Nelson-Chafee-Breaux
Amendment
to Gramm-Miller Substitute
The
bipartisan Nelson-Chafee-Breaux amendment is a reasonable
compromise solution to two of the most glaring failures of the
Gramm-Miller substitute amendment.
COLLECTIVE
BARGAINING
•
The Gramm-Miller substitute would allow the union
rights of thousands of future employees of the Department of
Homeland Security to be arbitrarily stripped away, even if
they and their agency are doing exactly the same work in the
new Department that they are doing today.
•
This will damage, not advance, national security, by
weakening the workforce responsible for protecting us against
terrorism, in the midst of this urgent and complex merger.
Unionized workers are dedicated public servants whose hard
work keeps the nation safe.

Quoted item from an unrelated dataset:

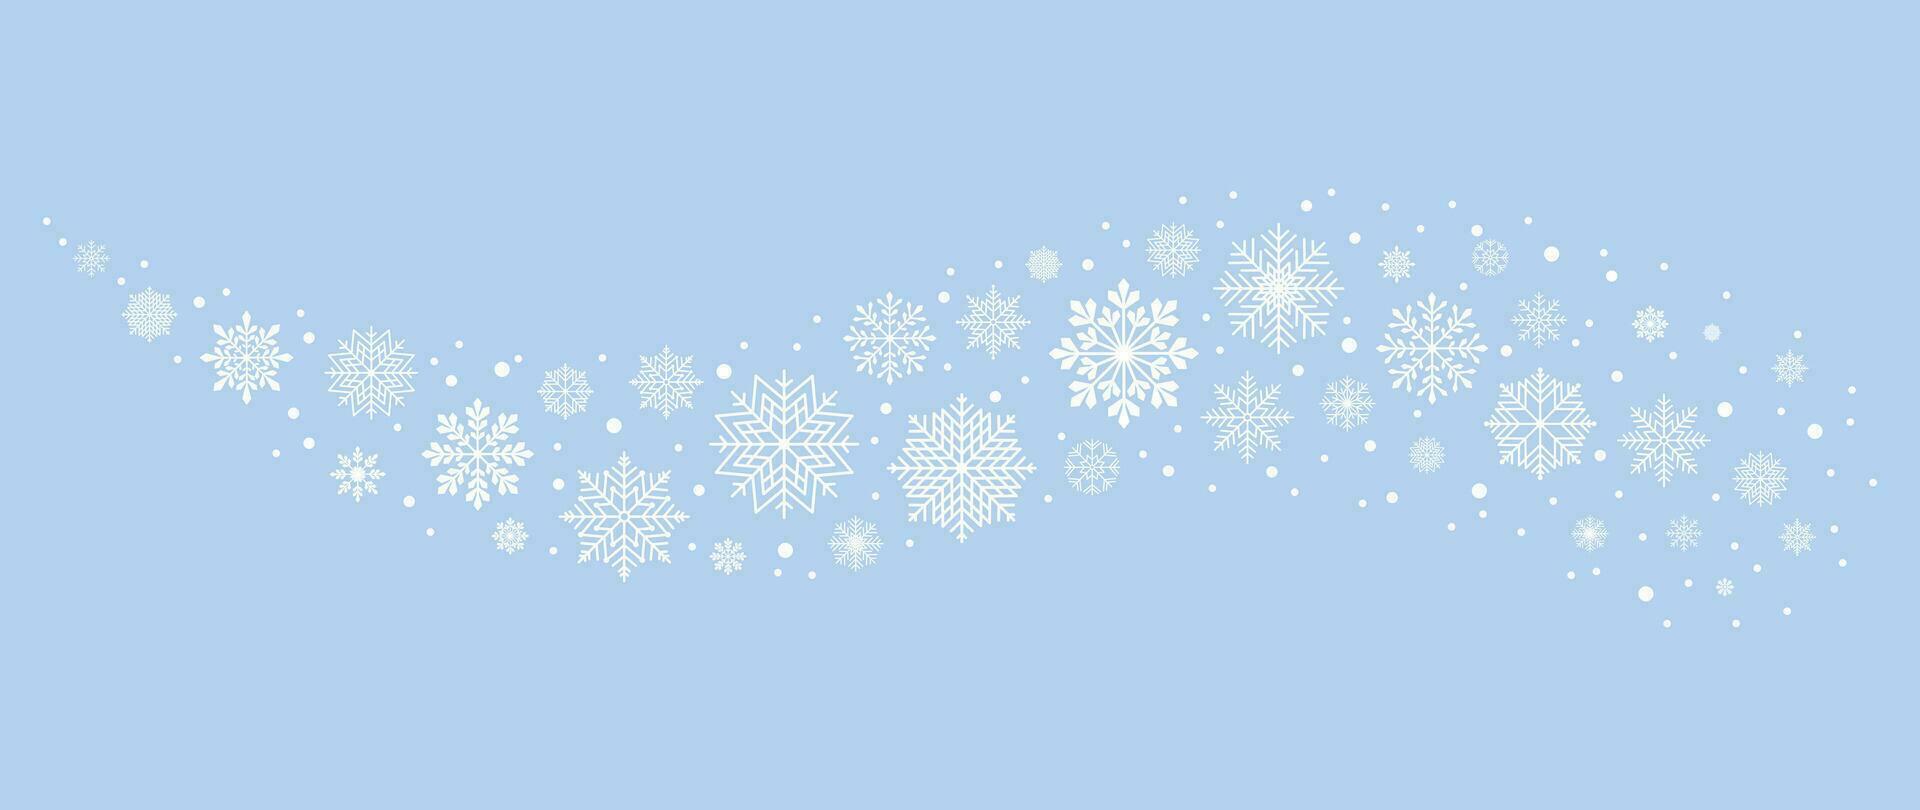 inverno sfondo con i fiocchi di neve e neve. vettore illustrazione.

Congress ought to be working with
them to make the merger work, not working against them.
•
The
compromise amendment fixes this flaw, while ensuring that the
President and Secretary retain all the authority they need to
manage an effective and responsive Department. Under the
amendment:
The
President can use his existing authority to remove collective
bargaining rights of currently unionized employees en masse,
for entire agencies or subdivisions of the new Department on
national security grounds.
He simply has to determine that the mission and
responsibilities of the agency or subdivision have changed,
and that a majority of the employees in that agency or
subdivision have intelligence, counterintelligence, or
investigative work directly related to terrorism as their main
job duty. This
ensures that workers currently represented by unions whose
jobs remain the same don't suddenly and arbitrarily lose their
union rights upon entering the Department of Homeland
Security.
The Secretary of Homeland Security can remove the
collective bargaining rights of individual employees, using
similar standards.
CIVIL
SERVICE
•
On Civil Service, the Gramm-Miller substitute
would gut many key provisions of civil service law that
protect the new Department from favoritism, politicization,
patronage, and other pernicious influences.
•
Shredding the public accountability of the civil
service law would jeopardize the performance of the new
Department. The Breaux-Nelson-Chafee amendment therefore
retains two key safeguards of civil service law. Under the
amendment:
Employees
of the Department of Homeland Security will retain their right
to due process before the Merit Systems Protection Board when
certain rights are violated:
Whistleblowers
are retaliated against. Without the right to a hearing outside
their agency, the courageous Colleen Rowleys of the new
Department are more likely to become pariahs rather than
heroes, and the public is likely to pay the price;
Employees are subject to other kinds of prohibited
personnel practices, such as political favoritism, nepotism,
or other arbitrary action. The civil service law is designed
to prevent government agencies from being packed with
patronage jobs, and the MSPB gives this protection real
meaning;
Laws protecting veterans' preference in employment are
violated;
Employees are fired or demoted unlawfully.
The
Nelson-Chafee-Breaux amendment prohibits the Administration
from unilaterally rewriting the statute governing collective
bargaining—including the rights and
responsibilities of unions and management. Under
the Gramm-Miller substitute, the Administration would gain the
unilateral right to rewrite these laws.
•
This amendment would enable
the Department of Homeland Security to design and
implement a new personnel management system allowing for new
flexibility in the areas of pay, evaluation and assessment of
performance, and consequences for poor performance.
•
This amendment adopts the precise approach taken
in the IRS personnel management reforms that Republicans have
touted over the course of this debate.
At the IRS, following a private sector model, personnel
flexibilities only go into effect after the agency reaches
agreement with the unions.
Labor and management bargain, and if they have
difficulty reaching agreement, disputes are taken to the
Federal Services Impasses Panel,
which resolves the disagreements. This allows the
development of a flexible personnel system while also ensuring
that employees are on board with the new system.